The lead detectives for the Division of Criminal Justice were Detective Scott Caponi of the Gangs & Organized Crime Bureau and Detective Brian Christensen of the Specialized Crimes Bureau. They worked under the supervision of Deputy Chief of Detectives Christopher Donohue and Lt. Lisa Cawley. They received extensive assistance from detectives of the Gangs & Organized Crime and Specialized Crimes Bureaus, North, South, and Central Units. The New Jersey State Police Intelligence Section also provided valuable assistance. Other partners that were critical to the success of the investigation were the Atlantic City Task Force, Bayonne Police Department, Galloway Police Department, North Bergen Police Department, New York City Police Department, Port Authority of New York & New Jersey and New Jersey National Guard.

The indictments were handed up to Superior Court Judge Robert C. Billmeier in Mercer County, who assigned them to Atlantic County, where the defendants will be ordered to appear in court at a later date for arraignment. The indictments are merely accusations and the defendants are presumed innocent until proven guilty. Copies of the indictments are posted with this release at www.njpublicsafety.com.

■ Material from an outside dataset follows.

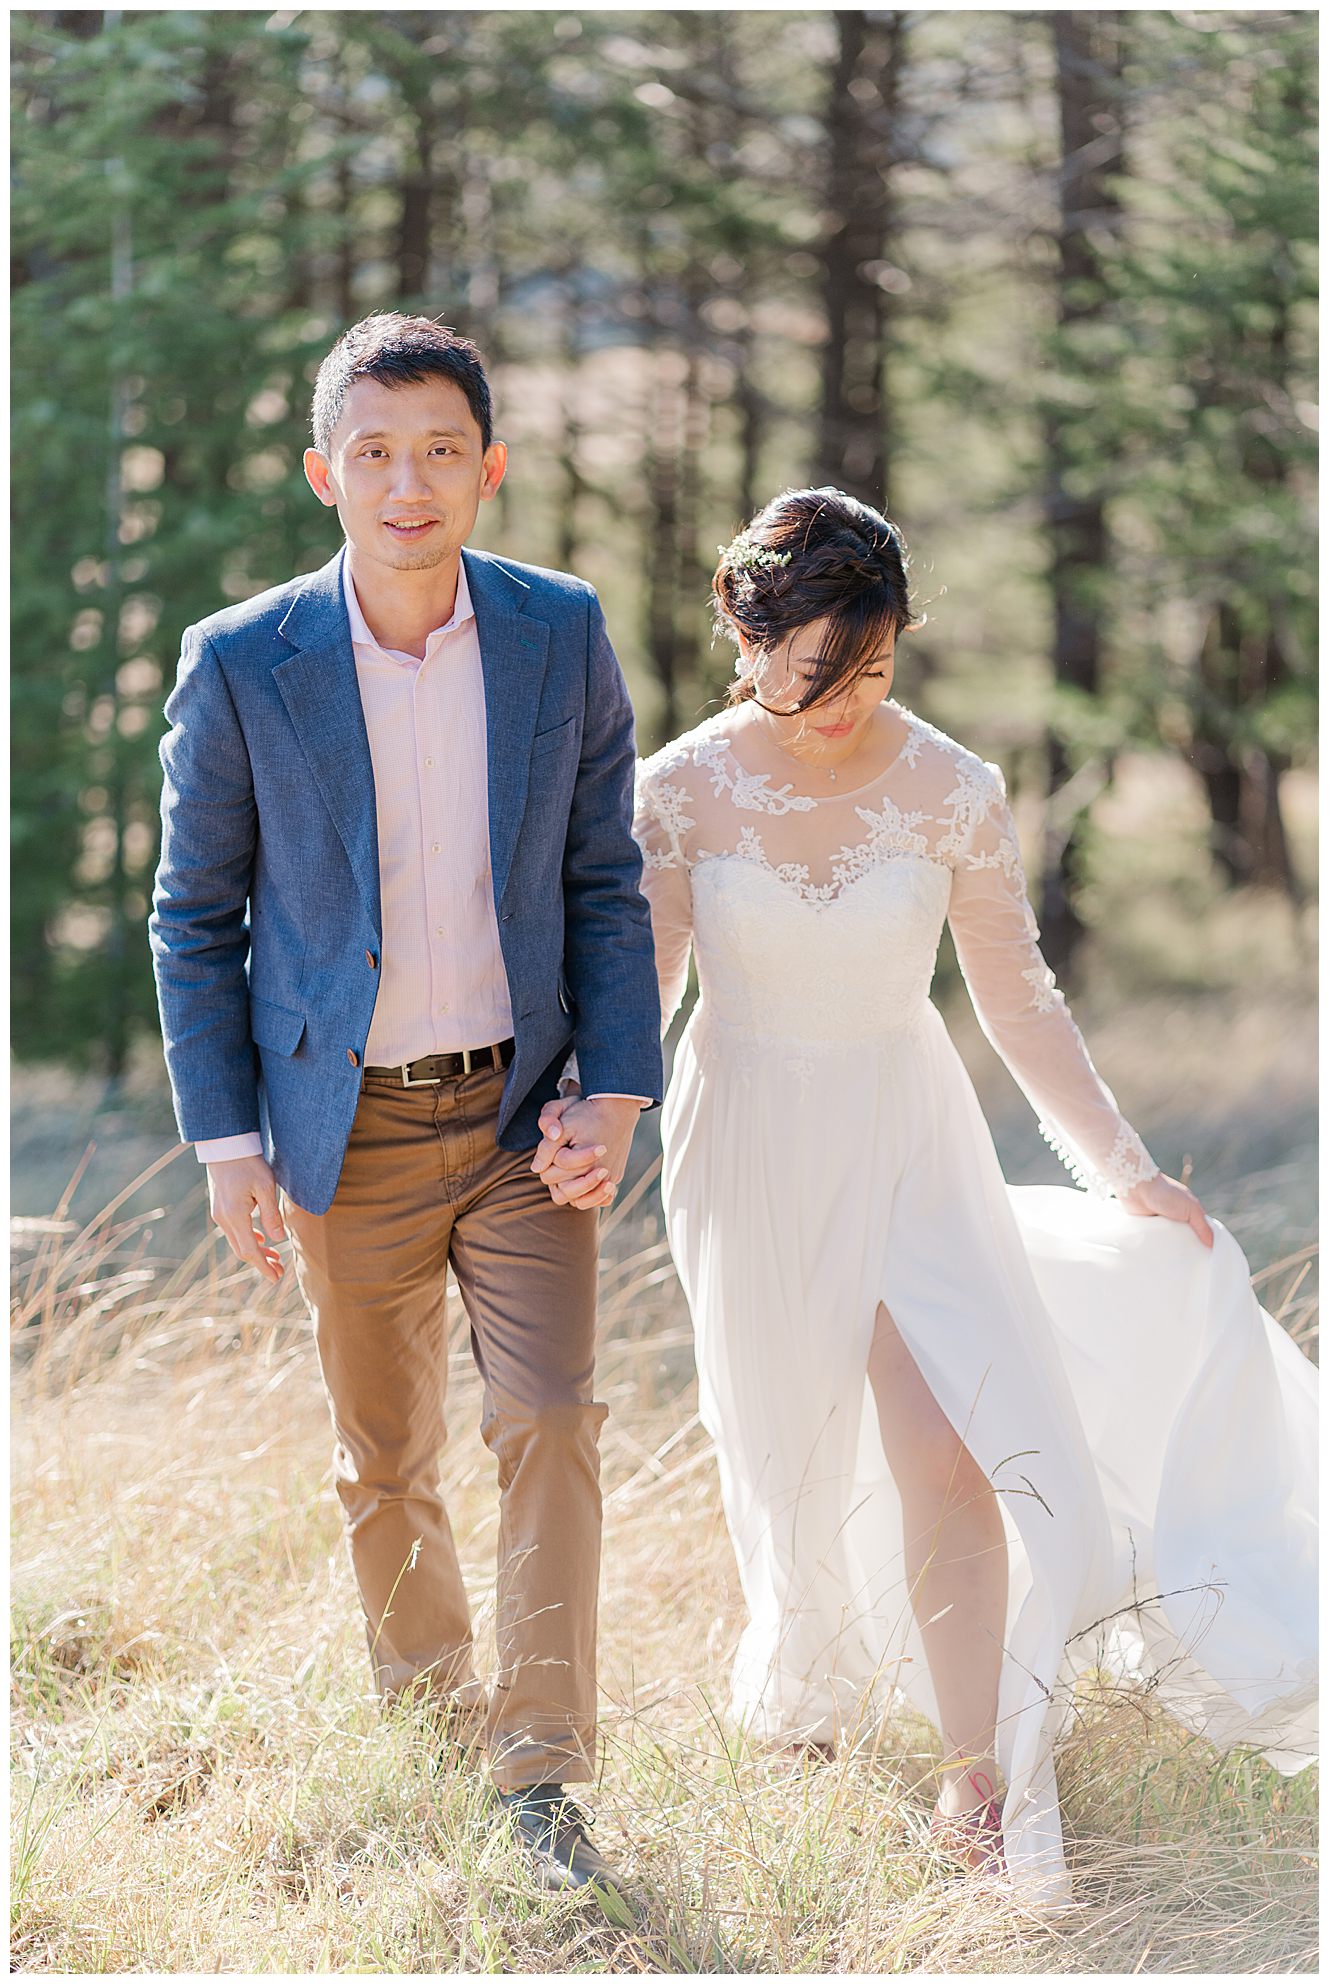 Best wedding photographer Canberra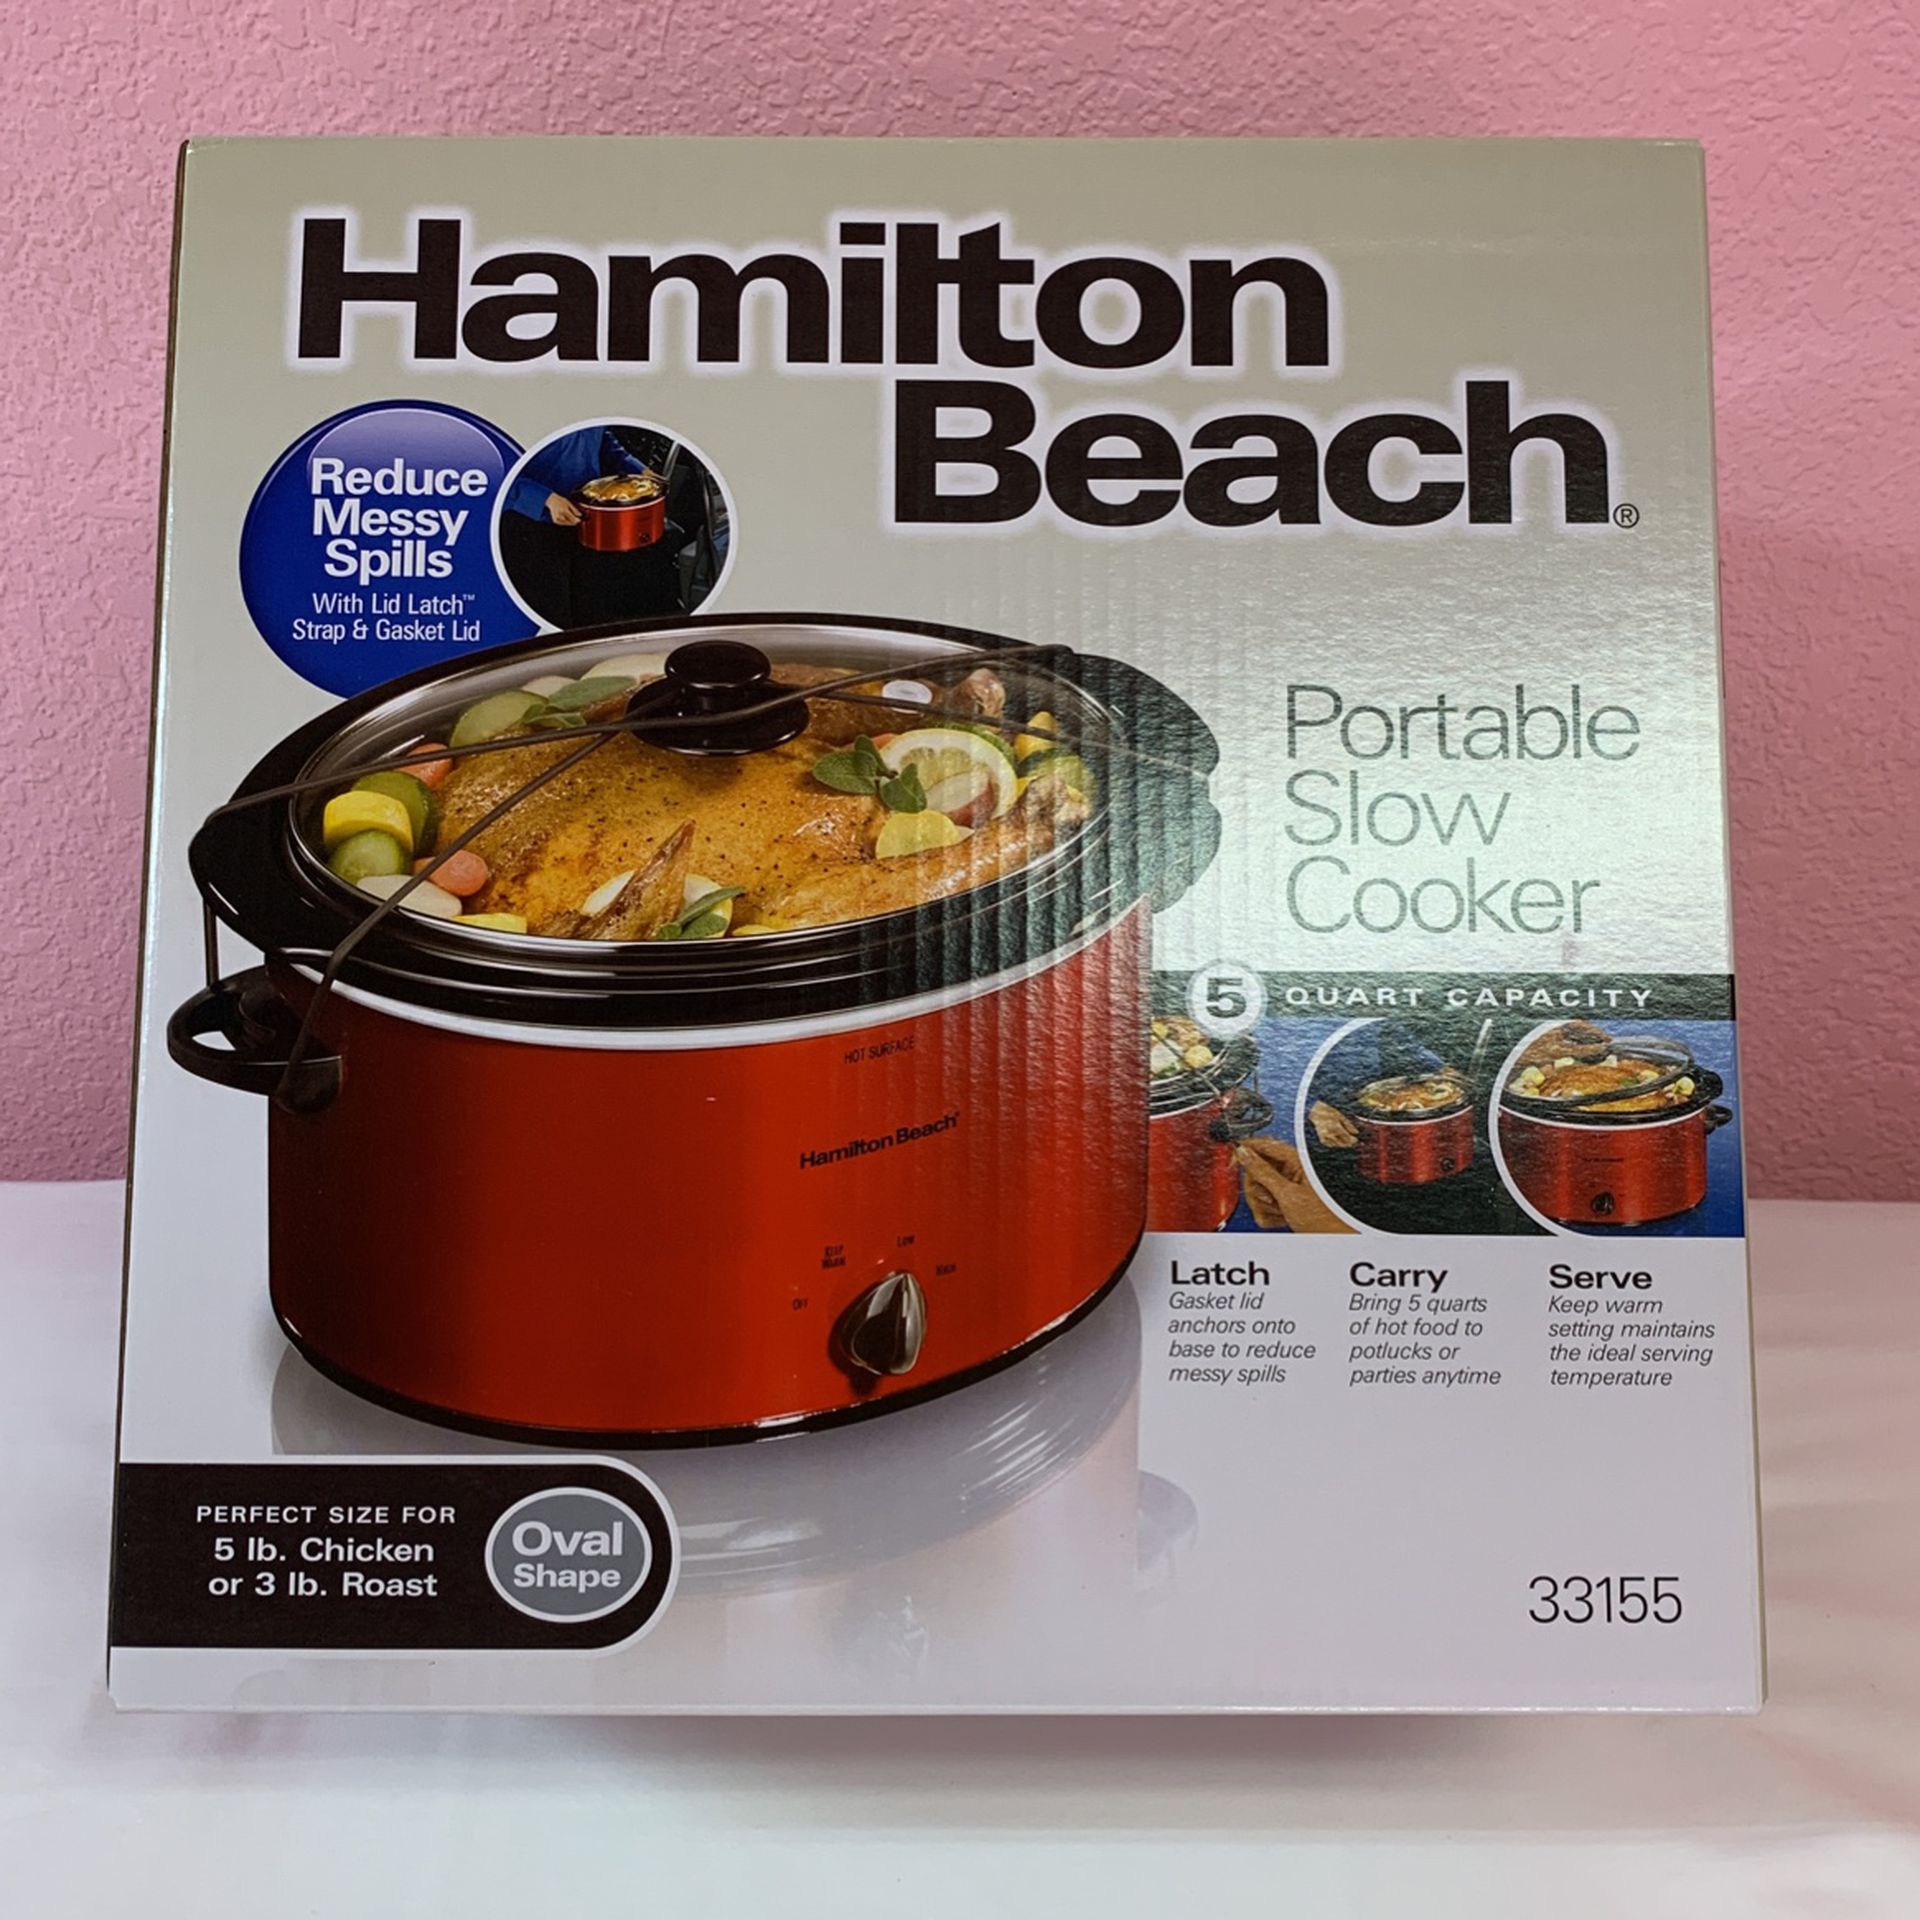 Hamilton Beach 5 Quart Portable Slow Cooker

The charge of leader of a narcotics trafficking network carries a sentence of life in prison, including 25 years of parole ineligibility, and a criminal fine of up to $750,000. First-degree charges carry a sentence of 10 to 20 years in prison and a fine of up to $200,000, or up to $500,000 for the drug charges. Second-degree charges carry a sentence of five to 10 years in prison and a fine of up to $150,000. Third-degree charges carry a sentence of three to five years in prison and a fine of up to $15,000. Money laundering carries an enhanced fine of up to $500,000, and an additional anti-money laundering penalty of $500,000 for first-degree offenses and $75,000 for third-degree offenses. Fourth-degree charges carry a sentence of up to 18 months in state prison and a fine of up to $10,000.